Sesaat terlintas dipikiran saya “Apakah saya memang seburuk itu ya Allah SWT? Apakah saya tidak sepantas itu menerima lelaki baik?” Lalu saya sadar, Saya yang begitu kecil, berharap yang begitu besar. Saya yang sering lupa, berharap tak dilupakan. Saya yang tak peduli berharap dipedulikan. Saya yang tak tahu diri meminta tanpa berusaha. Begitu malunya saya hingga menangis sejadi jadinya.

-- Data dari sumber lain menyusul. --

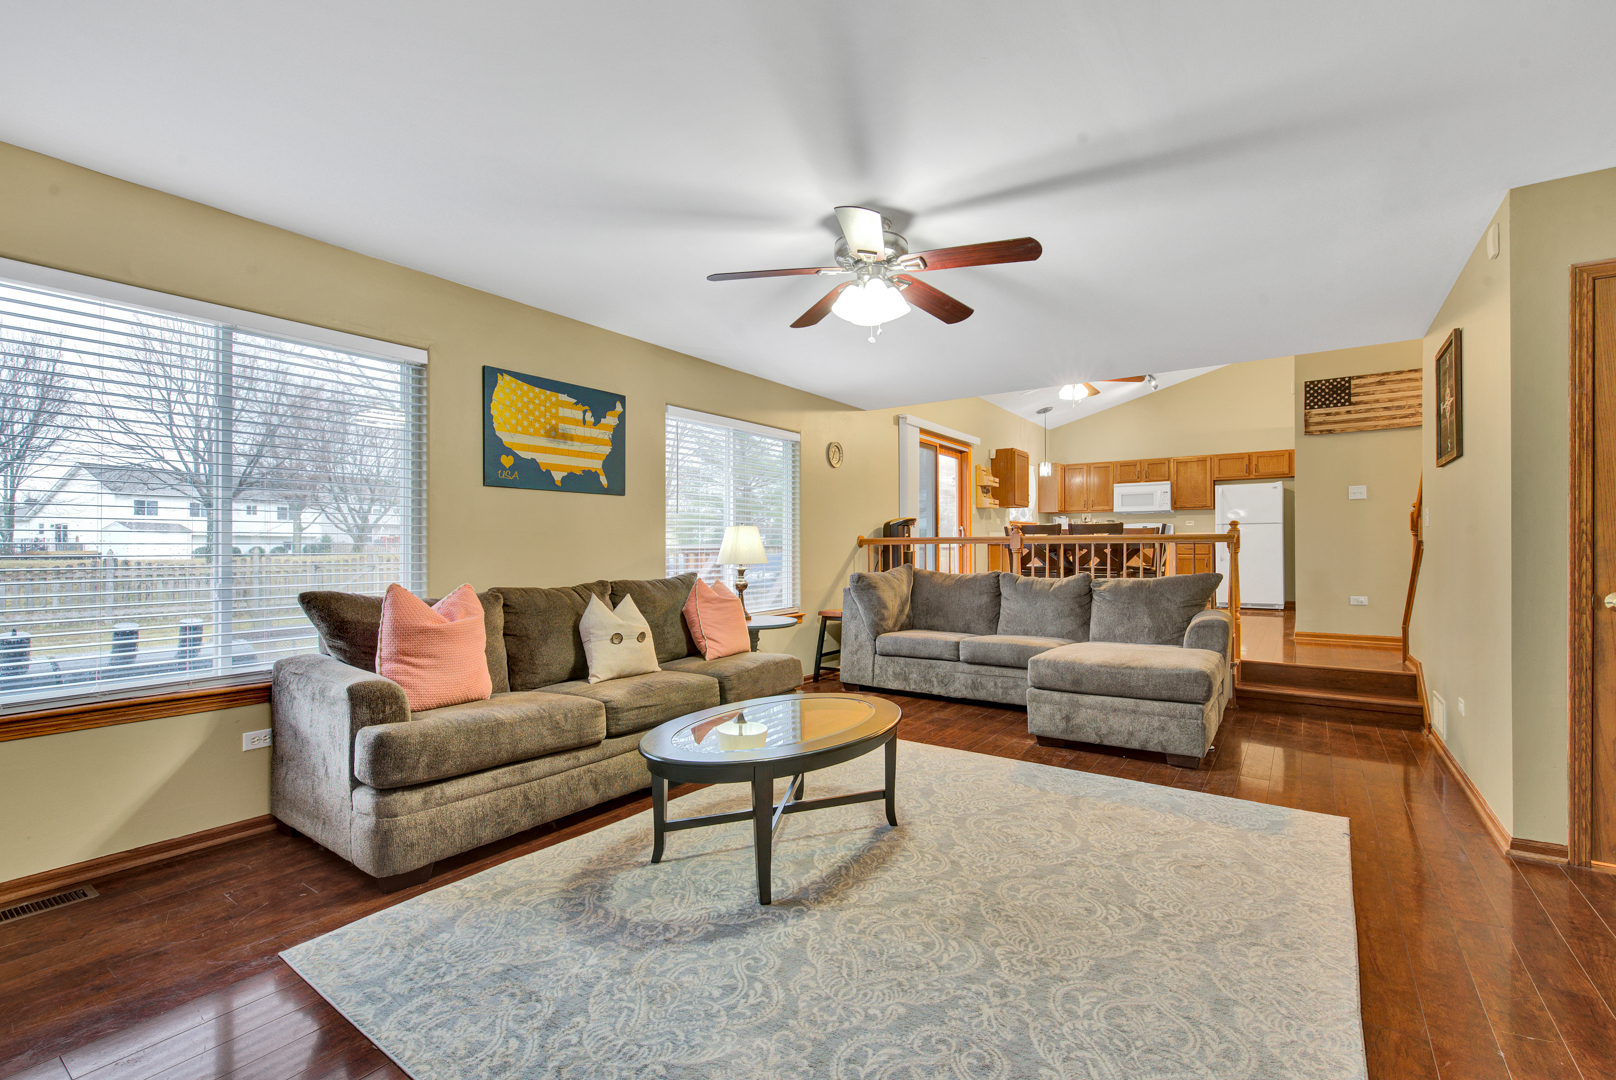 25301 West Brookfield, Channahon, Illinois, 60410
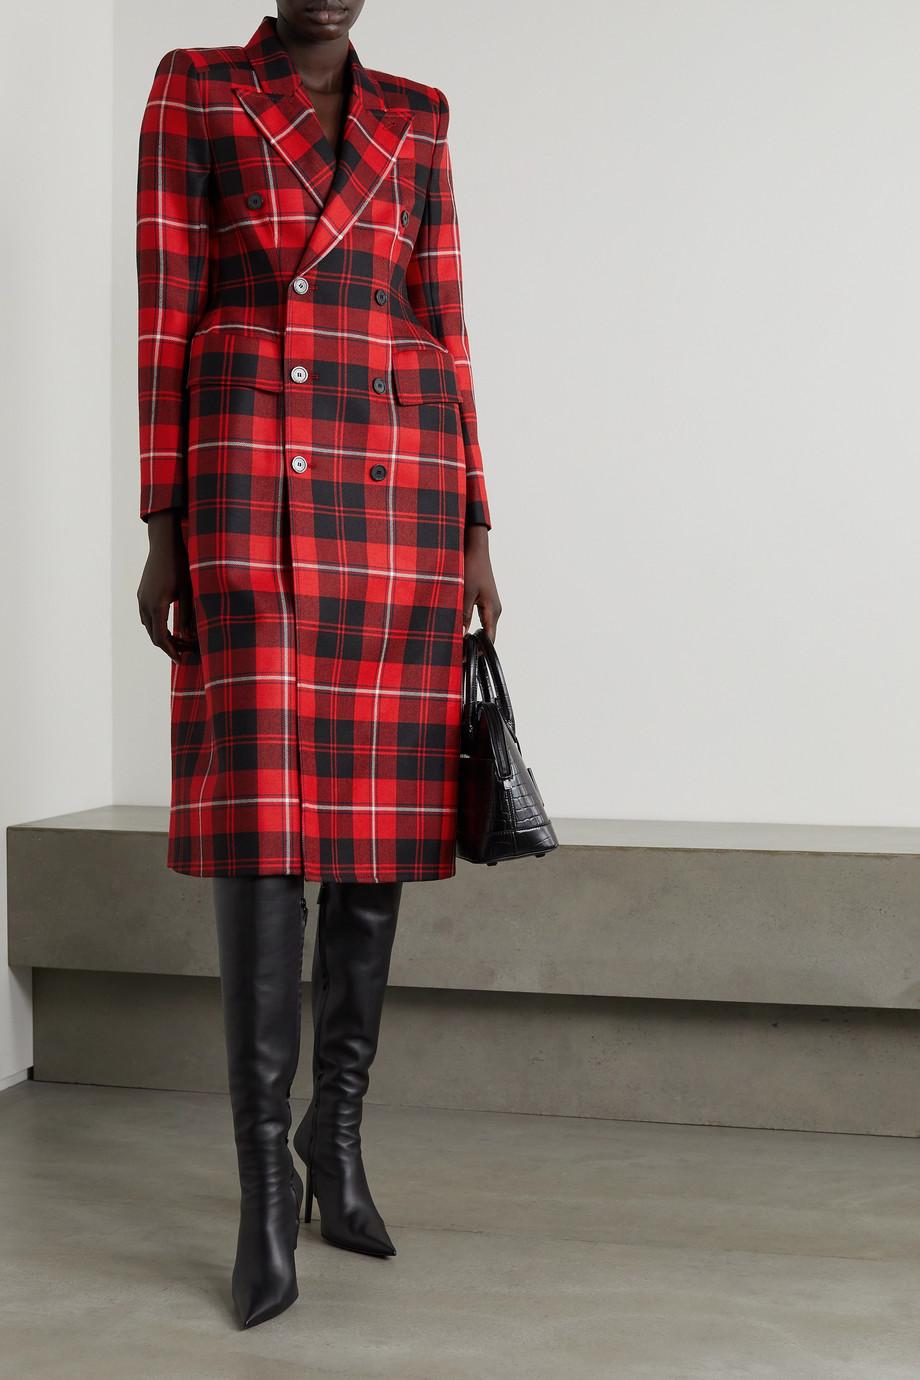 Balenciaga Hourglass doppelreihiger Mantel aus kariertem Woll-Twill

Sekarang, dengan sisa kekuatan
menutup malu di hadapanNya, saya ingin berusaha. Memperbaiki diri, memantaskan
diri. Ya, memantaskan diri untuk doa berikutnya yang saya minta kepada Allah
SWT. Memantaskan diri untuk keluarga saya yang selalu mengingatkan dan mendoakan saya. Memantaskan diri untuk bisa mengimbangi sosok yang pernah ditunjukkan
Allah SWT ke hadapan saya. “Lelaki baik hanya untuk wanita yang baik”. Saya
bersyukur Allah SWT mengingatkan saya hal itu dan masih memberikan kesempatan
untuk menjadi wanita yang lebih baik. Ya, saya ingin menjadi wanita yang baik
untuk lelaki baik itu. Saya ingin menjadi wanita yang pantas. Bismillah.